At the end of the day, most filmmakers tend to view movies with minority leads as financial gambles, believing that since there are few A-list celebrities who are also minorities a film is most likely to be a financial flop if not filled with white actors. They are generally more predominant on the Hollywood scene and command more star power, setting a precedent for other filmmakers to choose white actors to play roles intended for people of color.

There is certainly no lack of talent among actors of color. Unfortunately, few of them are internationally known because few are given opportunities. Racially diverse actors have enough star power to ensure a movie’s success, but they are not being given the chance to showcase their talent.

Star power does influence the revenue films take in, but it also limits opportunities for actors of color, and intentionally or unintentionally presents the idea that only products with white people sell. These assumptions are carried on decade after decade. They are whirled into a perpetual cycle that steals opportunity from the grasp of actors of color as well as depriving audiences of a talented and diverse cast.

Some films ignore a character’s real-life backstory, unraveling backgrounds and plots by making characters not intended to be white, white. Discrimination, whether financially or racially, occurs in film casts, with devotion to the belief that using white actors will maximize the size of the audience. Screenwriter Max Landis justified the selection of the “Ghost in the Shell” cast saying, “there are no A-list female Asian celebrities right now on an international level.”

A white actor playing a Chinese character drank alcohol to “make his speech more halting and to put a grin on his face — like the perpetually congenial Chinese sleuth.” However, even when actors of color appear in a “racially diverse” cast, they often take a backseat, character-wise or plot-wise. They are often cast as less significant characters or are stereotypically typecast. These roles actors of color have been boxed into influence the audience, especially the younger audiences, in believing that people of color exist solely in those roles in everyday life.
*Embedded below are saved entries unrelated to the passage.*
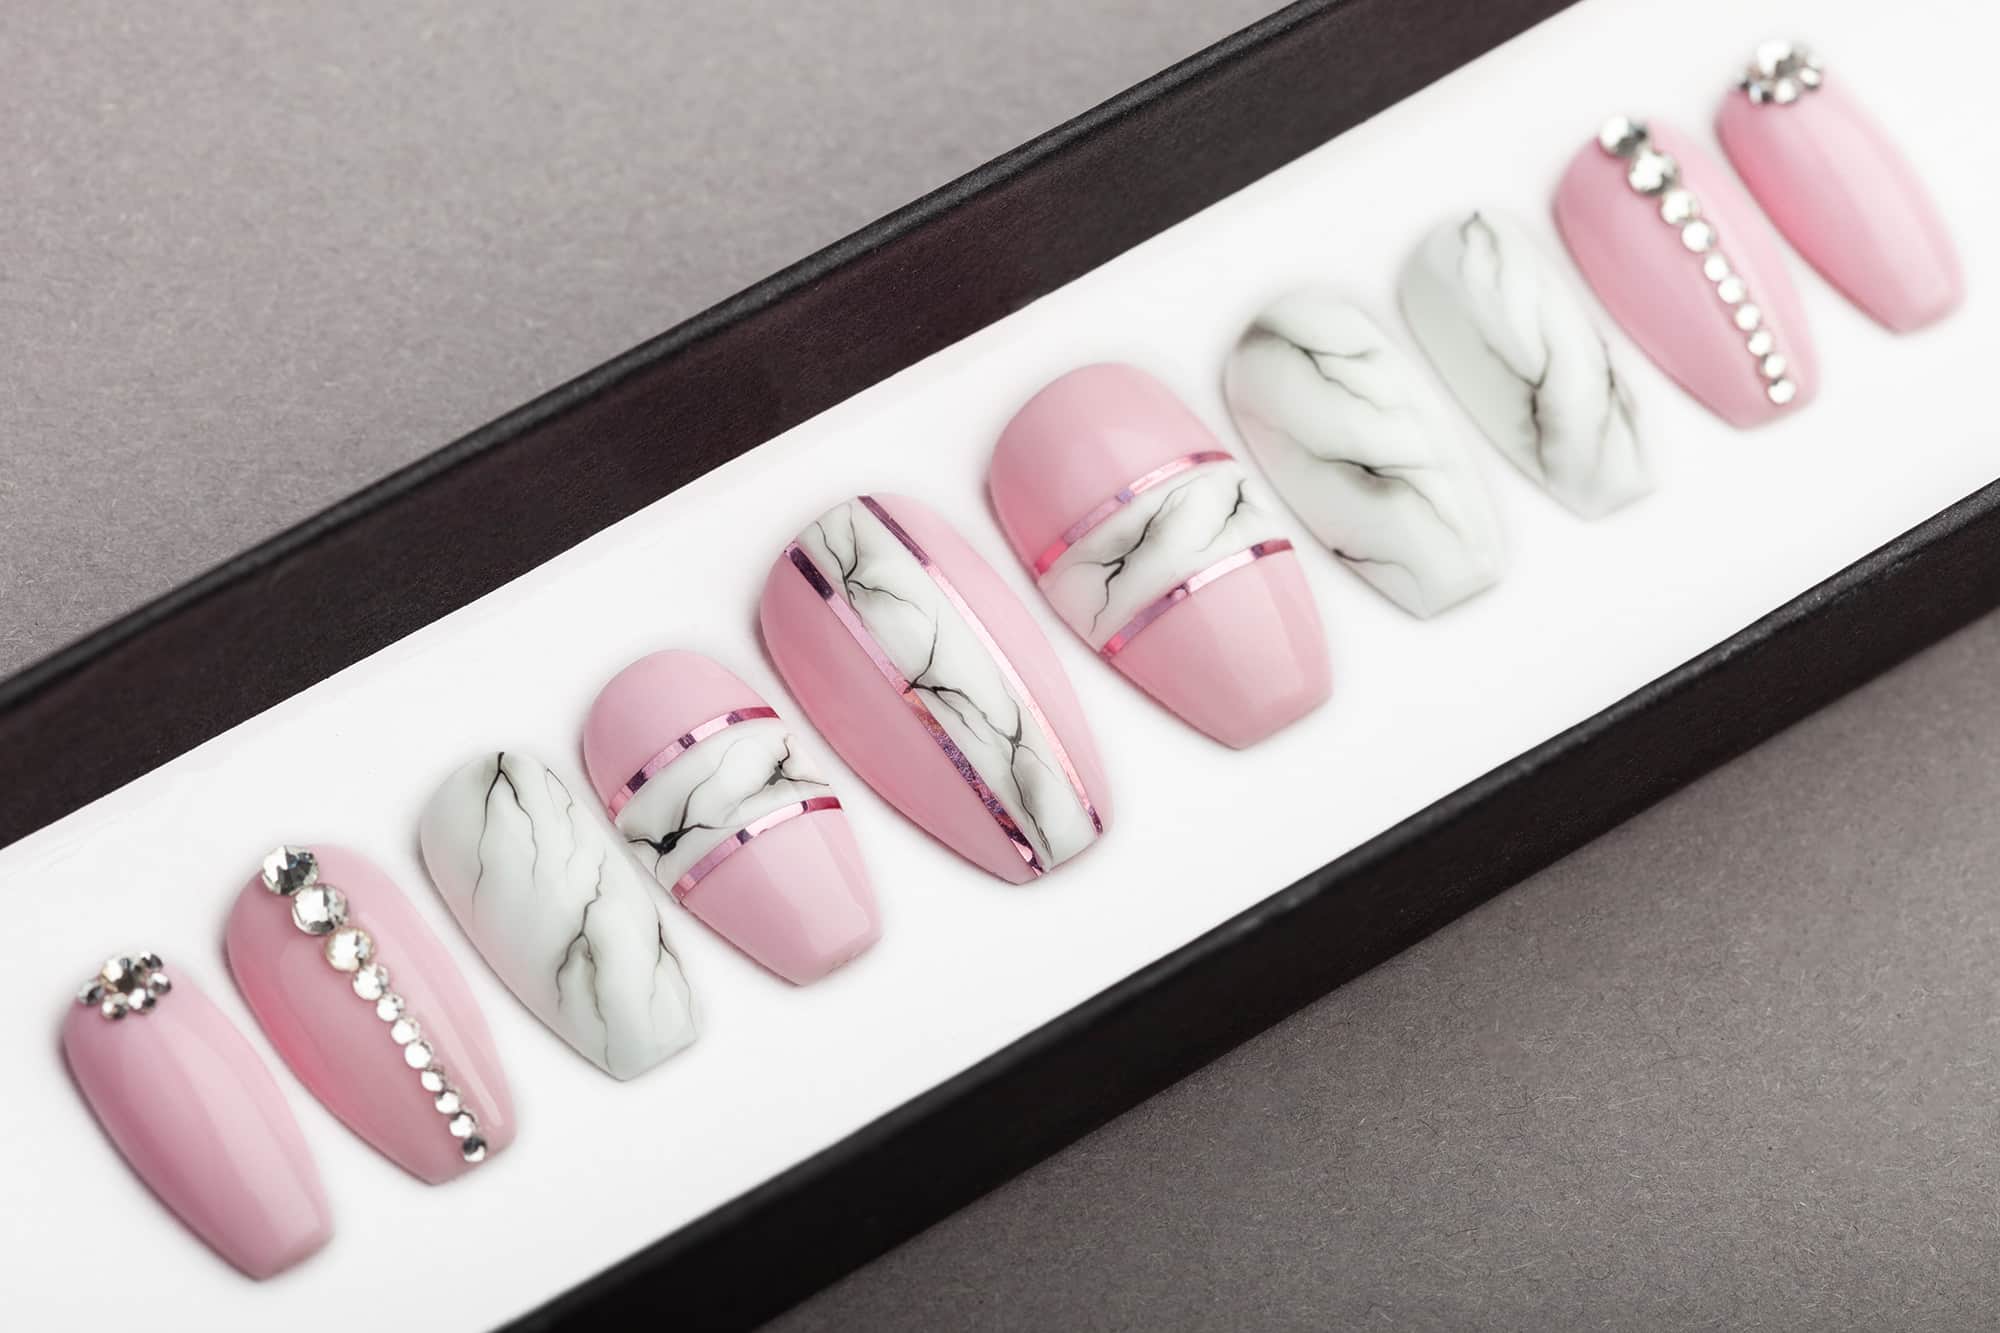 Pink and White Marble Press on Nails with Swarovski Crystals | Nail Art | Fake Nails | False Nails | Glue On Nails | Acrylic Nails
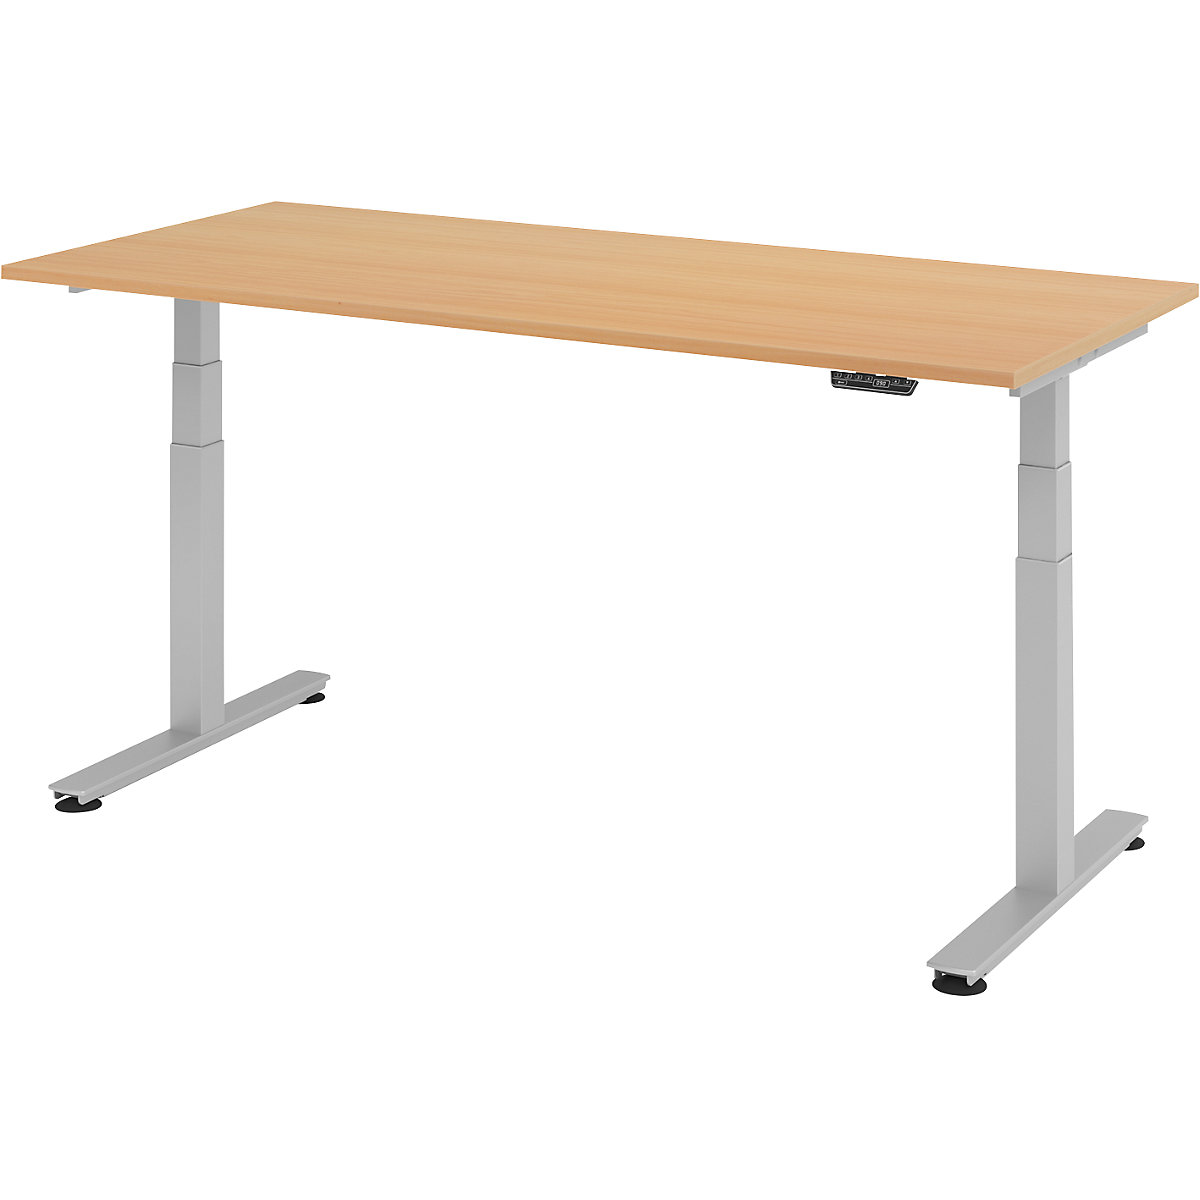 Psací stůl pro práci vestoje, s elektrickým přestavováním výšky UPLINER-2.0, podstavec s nohami ve tvaru T, šířka 1200 mm, bukový dekor-15
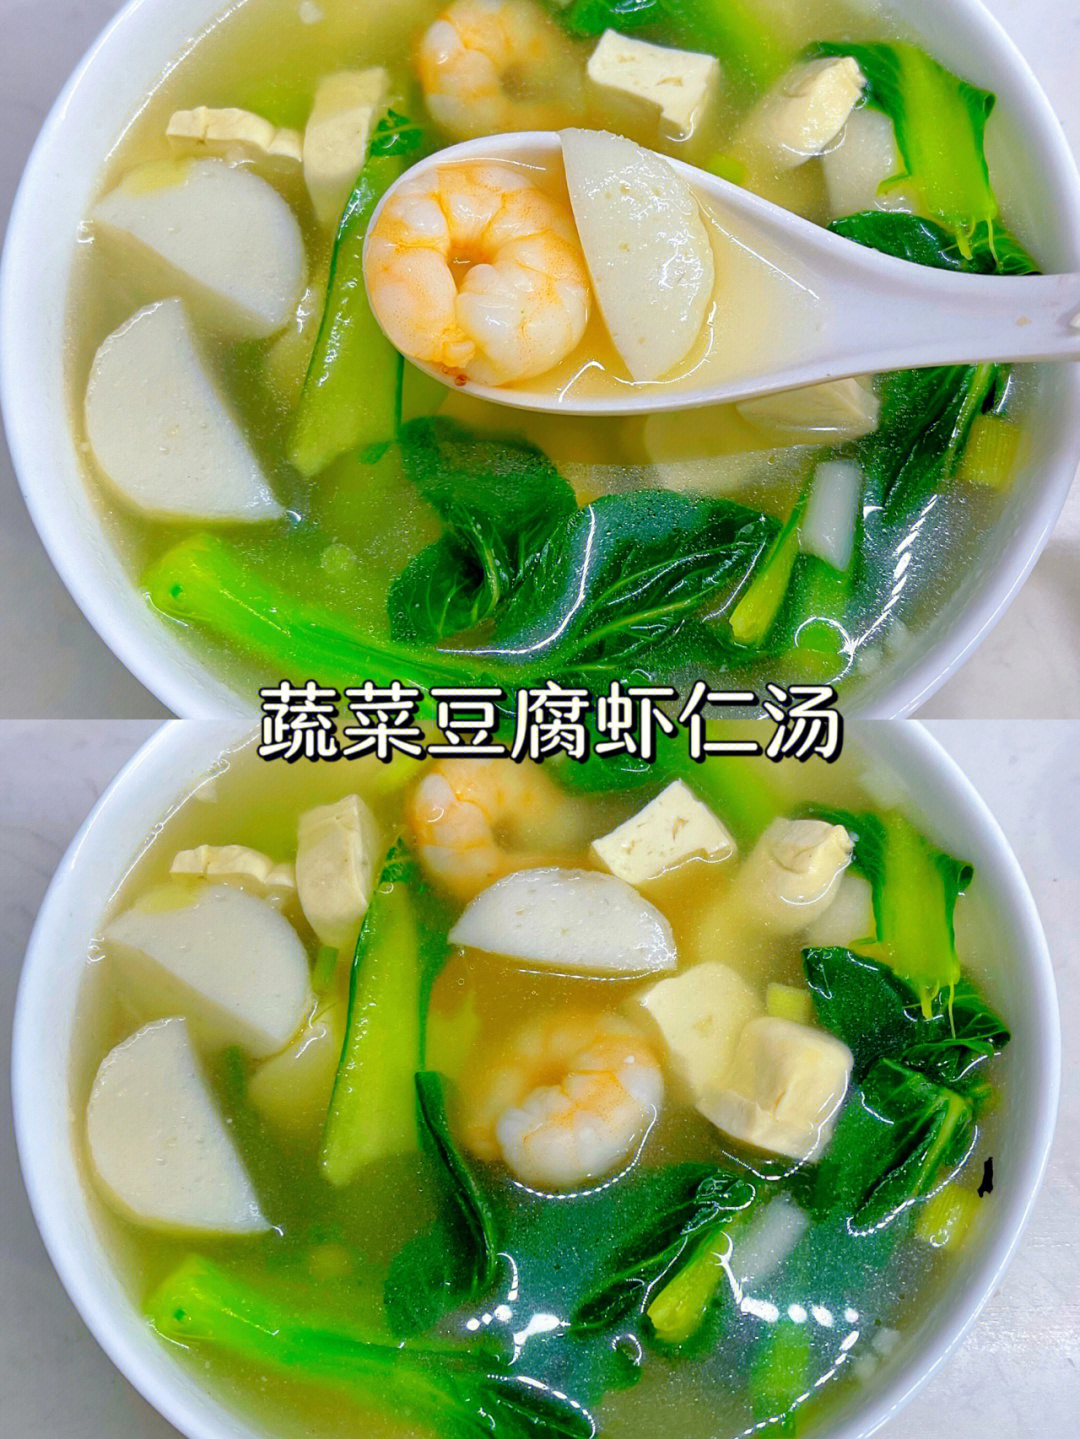 虾仁豆腐汤的做法图片

The washing out of racially diverse roles perpetuates not only racism, but also elitism, passing along the message that filmmakers refuse to work with less famous actors of color because the white actor holds more sway.

As a form of art, films are forever raising the question of representation. “[Art] not only reflects, but also refracts and magnifies human reality.” Spectators like to see people similar to themselves, because it draws us more deeply into the narrative the film is attempting to tell. Can you imagine how deeply it affects children of color, not to see people like them reflected in film, which “refracts and magnifies human reality”?

Making minorities the face of a film would be proof that the film industry is open to all minorities and the quality of the entertainment they produce is not lacking in any way for it.

How does it affect a child growing up, watching films where only white people are heroes? When I was a child, I never doubted why white people were main leads. It even struck me as strange when on a rare occurrence, a person of color appeared as the title character. I accepted whitewashing and it was only later that I began to question it. It negatively affects the amelioration of racism and turns the moral conscience of society backwards. Whitewashing undoes the moral advances gained through past decades, while diversity creates a space for people of color in American film culture.

If film directors refuse to engage in risk-taking with minority leads, minorities will never have a chance to reach stardom.